Passing a function as a parameter

Question

Is there any way to pass function as a parameter when starting a program in C? I am implementing an app for integral approximation, and all I need is to type a function I want to work with when starting the application. I tried (e.g.) 2/(2+2*x), but I only get back "2". When I write to application directly, there is no problem. Is there any simple way of getting this? Maybe redistribute it to more parameters? Like

app.c number number*x number *x*x number *x*x*x... ?

Thanks

Answer 1

This is not an answer. Just to show that it isn't so complicated:

#include <stdlib.h>
#include <stdio.h>
#include <string.h>
#include <assert.h>

typedef struct expr_s {
    char op;
    struct expr_s *exprA, *exprB;
    float value;
} expr;

int readExpr(expr *node, int argc, char *argv[]) {
    int argn = 1;
    assert(argc > 0);
    switch(argv[0][0]) {
    case '0' ... '9':
    case '-': case '.':
        node->op = '#'; // direct value
        node->value = atof(argv[0]);
        return 1;
    case 'x':
        if (argv[0][1] == '\0') { // variable
            node->op = 'x';
            return 1;
        }
        break;
    default: ;
    }
    // binary expr
    if (strcmp(argv[0], "mul") == 0) node->op = '*';
    else if (strcmp(argv[0], "add") == 0) node->op = '+';
    else if (strcmp(argv[0], "div") == 0) node->op = '/';
    else if (strcmp(argv[0], "sub") == 0) node->op = '-';
    else abort();
    node->exprA = (expr*)malloc(sizeof(expr));
    node->exprB = (expr*)malloc(sizeof(expr));
    argn += readExpr(node->exprA, argc-argn, argv+argn);
    argn += readExpr(node->exprB, argc-argn, argv+argn);
    return argn;
}

float evalExpr(expr *node, float x) {
    switch(node->op) {
    case '#': return node->value;
    case 'x': return x;
    case '*': return (evalExpr(node->exprA, x) * evalExpr(node->exprB, x));
    case '+': return (evalExpr(node->exprA, x) + evalExpr(node->exprB, x));
    case '/': return (evalExpr(node->exprA, x) / evalExpr(node->exprB, x));
    case '-': return (evalExpr(node->exprA, x) - evalExpr(node->exprB, x));
    default: abort();
    }
}

int main(int argc, char *argv[]) {
    expr rootExpr;
    float x;
    readExpr(&rootExpr, argc-1, argv+1);
    for(x=0; x < 5; x+=0.5) {
        printf("f(%f) = %f\n", x, evalExpr(&rootExpr, x));
    }
    return 0;
}

Rusult:

./playground div 2 add 2 mul 2 x
f(0.000000) = 1.000000
f(0.500000) = 0.666667
f(1.000000) = 0.500000
f(1.500000) = 0.400000
f(2.000000) = 0.333333
f(2.500000) = 0.285714
f(3.000000) = 0.250000
f(3.500000) = 0.222222
f(4.000000) = 0.200000
f(4.500000) = 0.181818

Note that if you'll use the reverse polish notation you'll see almost the same, but with stack of expr instead if subsequent call of readExpr.

Answer 2

Unfortunately, there is no built-in expression evaluator in C. If you only need simple expressions, and the syntax is not that important you could use reverse polish notation, as used by HP calculators way back. This system use a stack, entering a number pushes it on the stack, entering an operations pops values from the stack, calculates, and push them back. There is no need to handle parentheses, as expressions are typically written inside out.

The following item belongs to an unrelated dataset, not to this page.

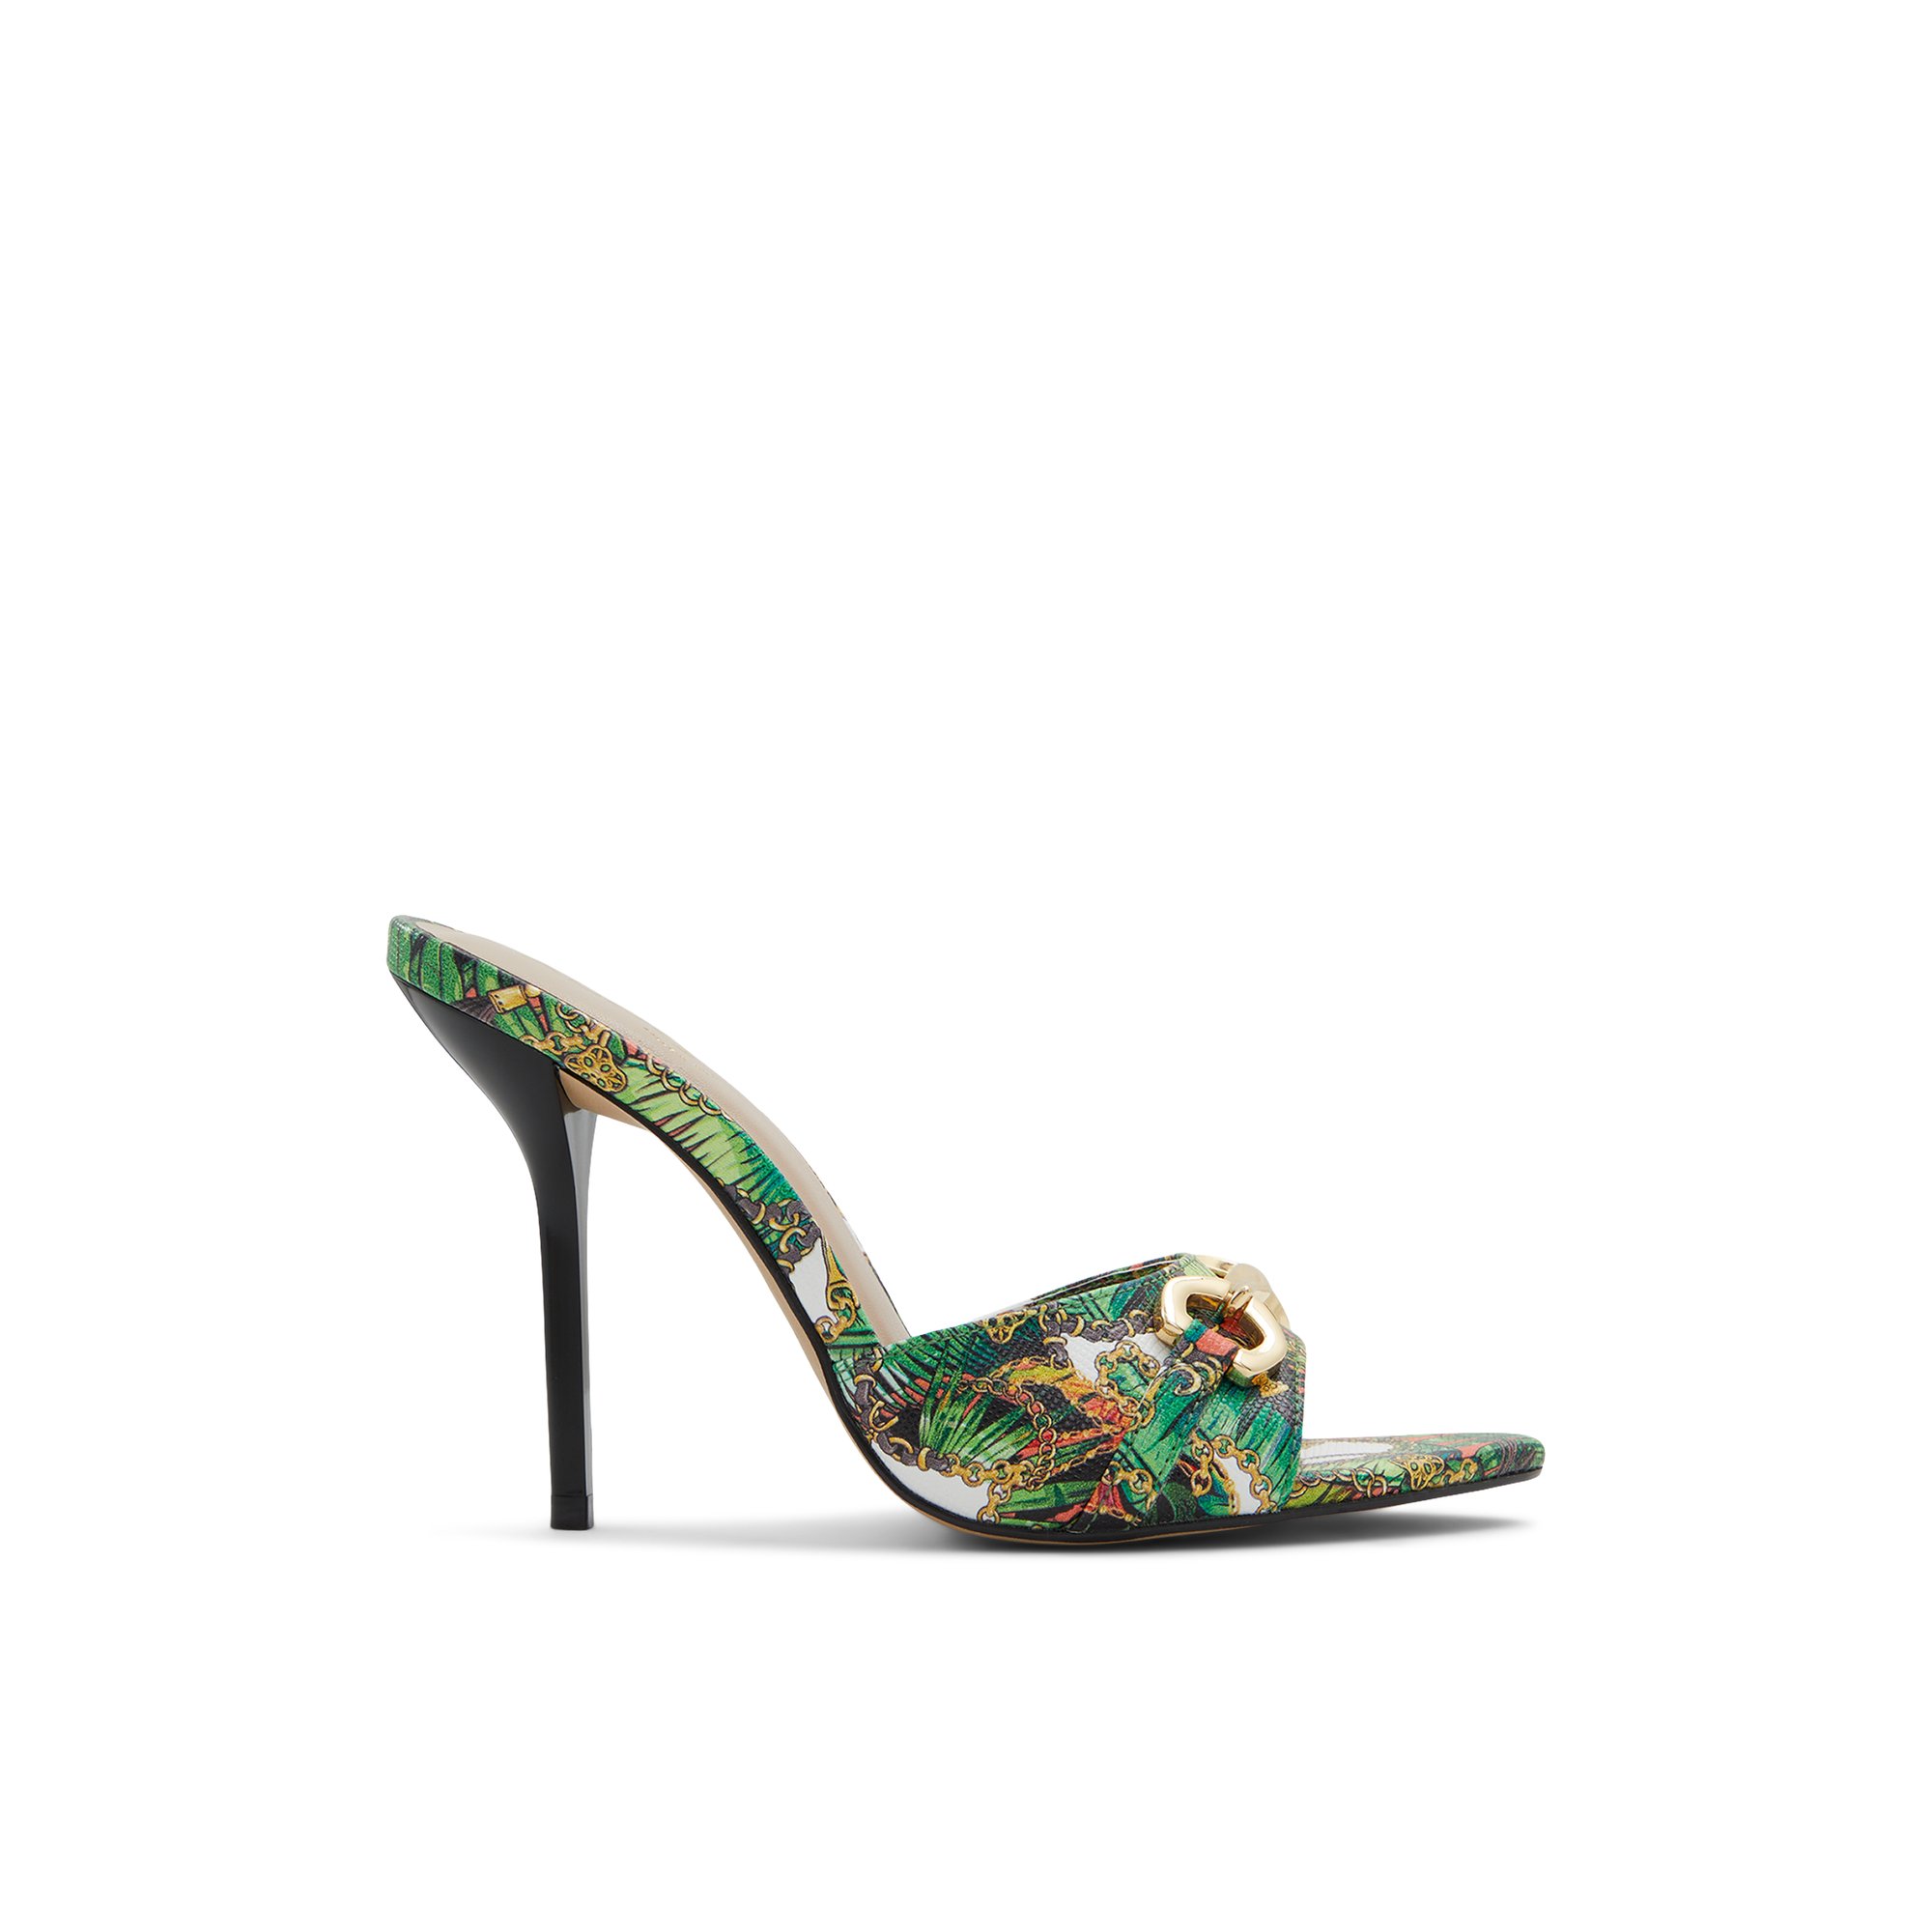 ALDO Edoassi - Women's Heeled Mules Sandals - Multicolor Epi

For example, 2*x would be written as:

app 2 x mul

For example, your original expression could be written as:

app 2 2 2 x mul add div

I leave the implementation as an exercise, you should not need more than a page of code for this.

Answer 3

An easy way to go about this would be to store your expression in a file, give your program that file's name as an argument, and then use system() or an equivalent to have the shell interpret and evaluate the expression at runtime. This will be fairly slow however.

If you want more performance, and your functions aren't terribly complicated (e.g. you only have basic arithmetic operations), then you could write a recursive function to evaluate it. Starting from the end of the formula, walk backwards and find the operation with the lowest precedence. Recursively evaluate both sides, then apply the operation to the results. If you can't find an operator, check for parentheses around your expression, and evaluate the insides. If there are no parentheses either, then the entire expression is a single value, and can be converted to a double (ostensibly).